His day starts at five o’clock in the morning. That’s when Frank-Martin Belz gets up, breathes in the fresh morning air and practices yoga. Later in the day he will swim or go for a run. The economic scientist has competed in the Hawaii Ironman – considered the world’s toughest triathlon. The experience inspired his book ”Challenge Ironman: In the Search of Meaning”. Such exertions take a lot of persistence and discipline. Frank-Martin Belz (56) demonstrates this in his professional life, too. “My day is highly structured so that I can dedicate myself to my work with all of my senses and the full necessary commitment,” he says.
Sustainability as motivation
Frank-Martin Belz is always in motion. He prefers not to stand still. But he is also very willing to leave his comfort zone. “I’m open to new challenges and changes,” says the Professor for Corporate Sustainability. He has made several changes in direction over his career. Just two years ago he established the TUM SEED Center, dedicated to research and teaching on “Sustainable Energies, Entrepreneurship and Development in the Global South” – SEED for short. A constant has always been sustainability. “It’s what drives me and is the underlying idea in all of my research activities,” says Belz. In his doctoral and habilitation theses he investigated the development and marketing of sustainable innovations such as mobility services, passive houses, organic foods and fair trade products. In 2003 he was appointed to a professorship at TUM, where he specializes in corporate sustainability.
Improving people’s lives
He became increasingly aware, however, that global corporations are driven primarily by capital market performance and are less interested in ecological and social objectives. “Sustainability is often little more than a public relations exercise where the real goal is to boost profits,” says Belz. 2010 was the turning point for him that brought him back to the roots in his economic thinking. TUM gave him the creative freedom to take this step: “I was always much less interested in short-term business cycles than in large societal transformations: We need to think in historical terms if we really want to build a sustainable economy – for real progress in combating climate change and benefitting people. This leaves no room for short-term thinking.”

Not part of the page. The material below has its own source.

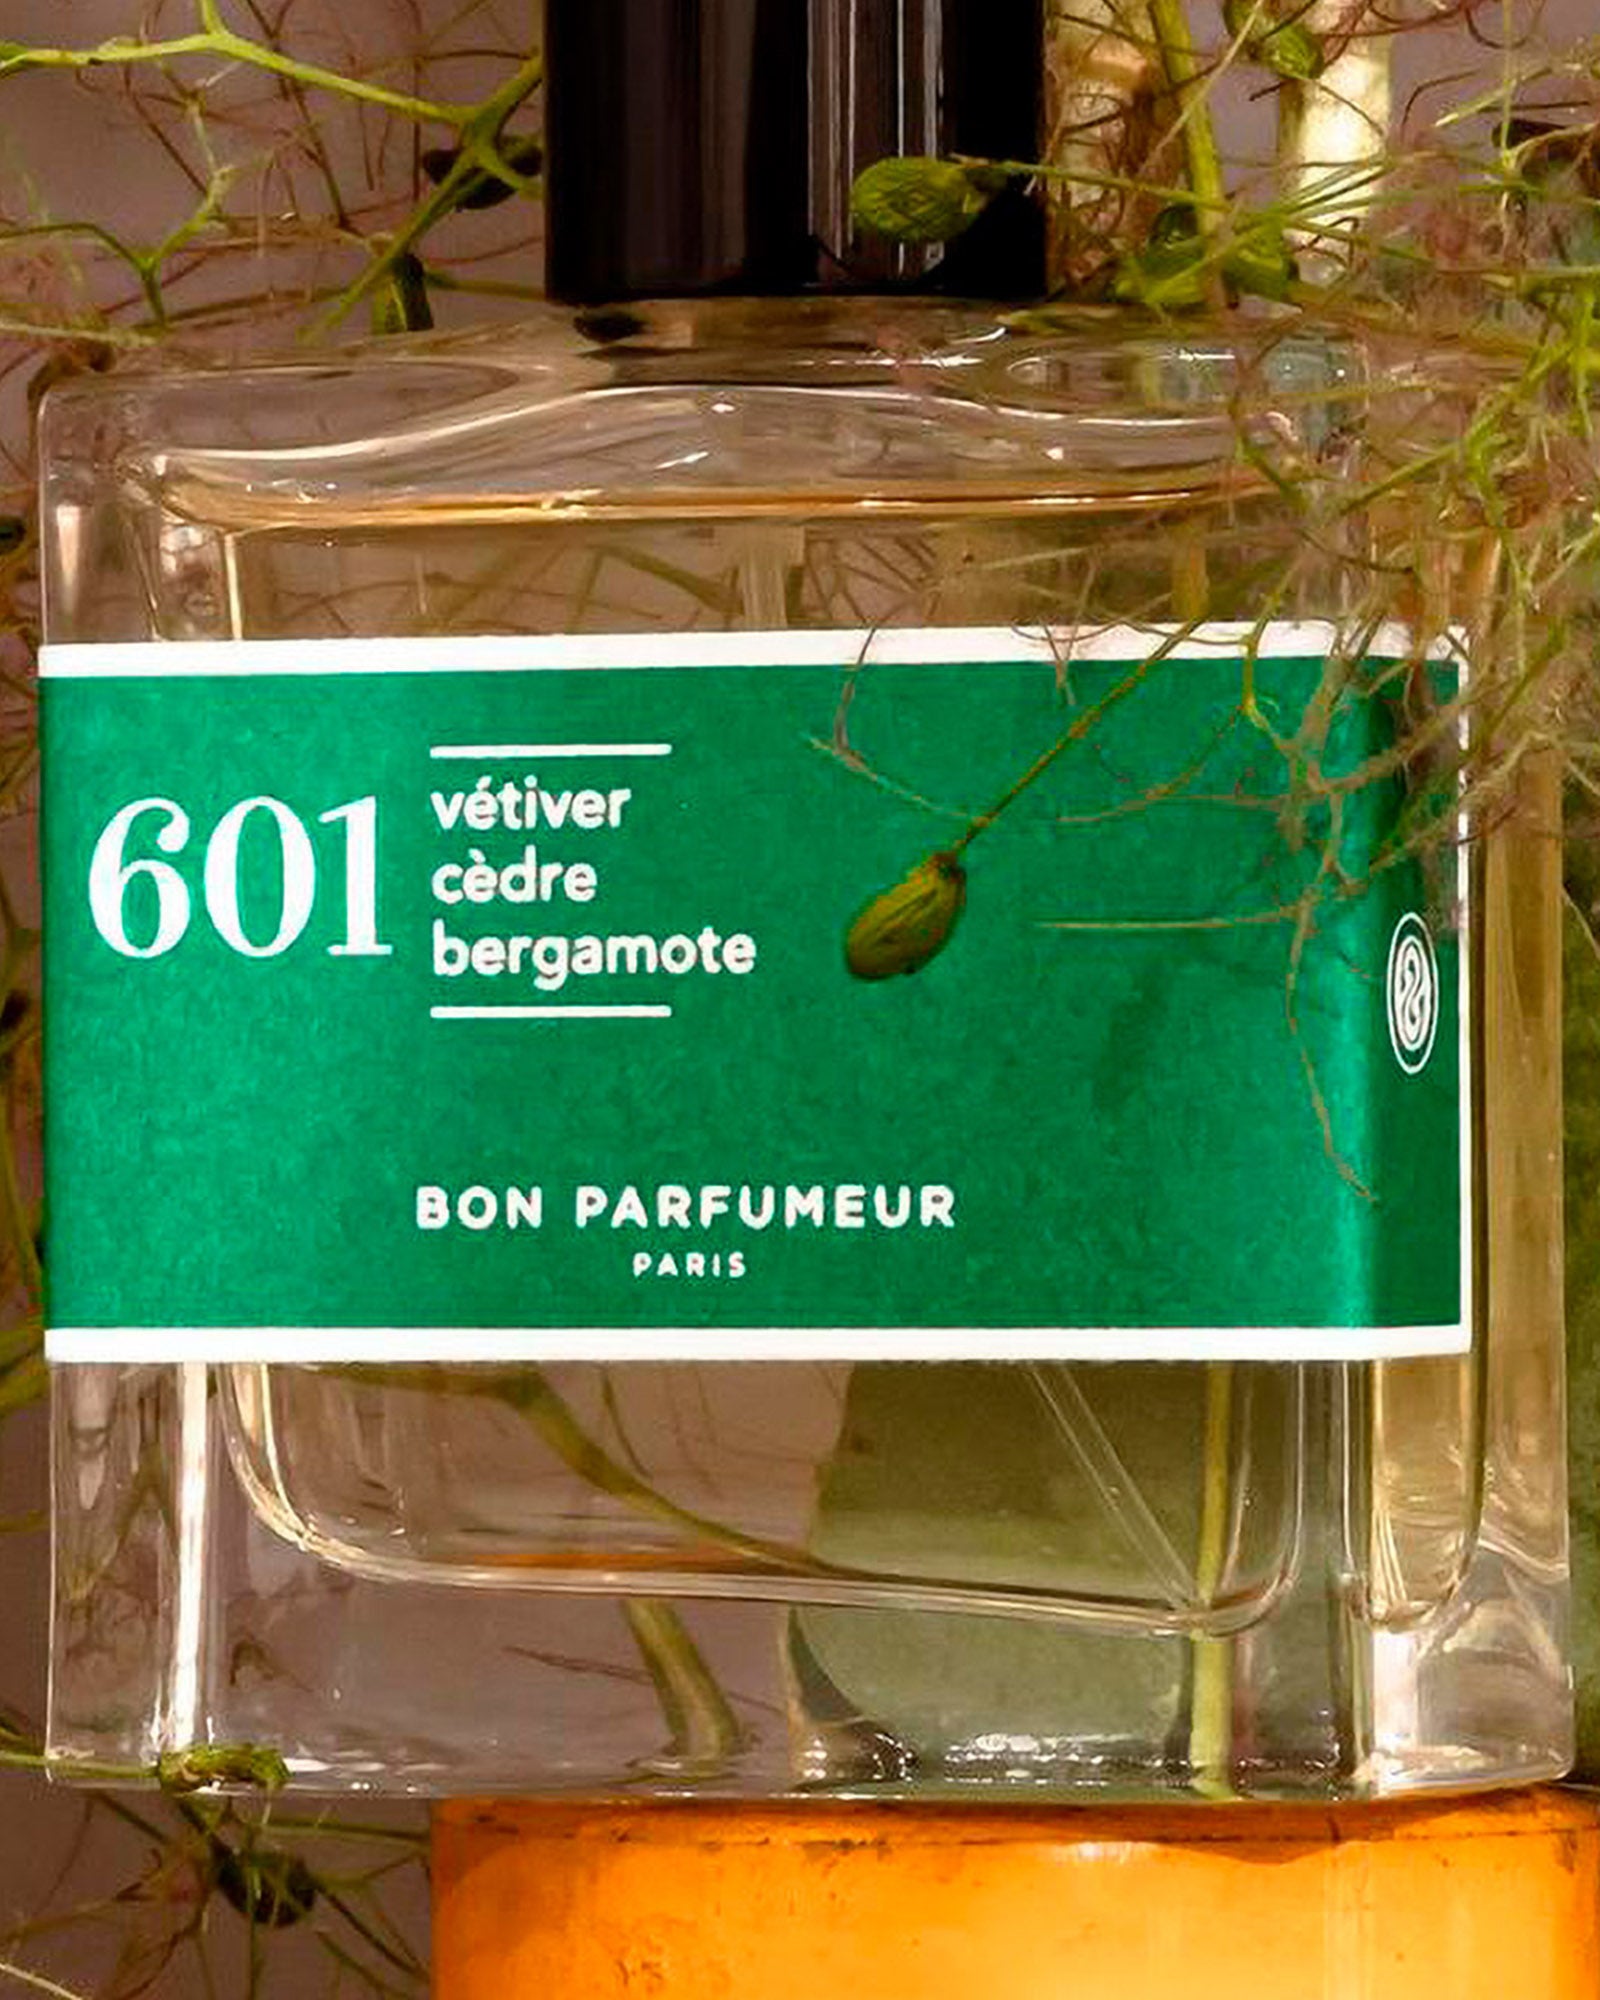 BON PARFUMEUR FRAGRANCE 601 WOODY

During his last sabbatical he realized that he wants to dedicate his energy to economic processes that would directly benefit people – especially those living in the Global South. 1.3 billion people have to live on less than $1.90 a day and are thus below the international poverty line – most of them in sub-Saharan Africa and South Asia. A billion people have no access to electricity. “Without electricity, however, education is practically impossible because students cannot study in the evening. It is also impossible to pump water to the surface from very deep in the ground to supply the villages. Nor can the people establish microenterprises to earn a living.”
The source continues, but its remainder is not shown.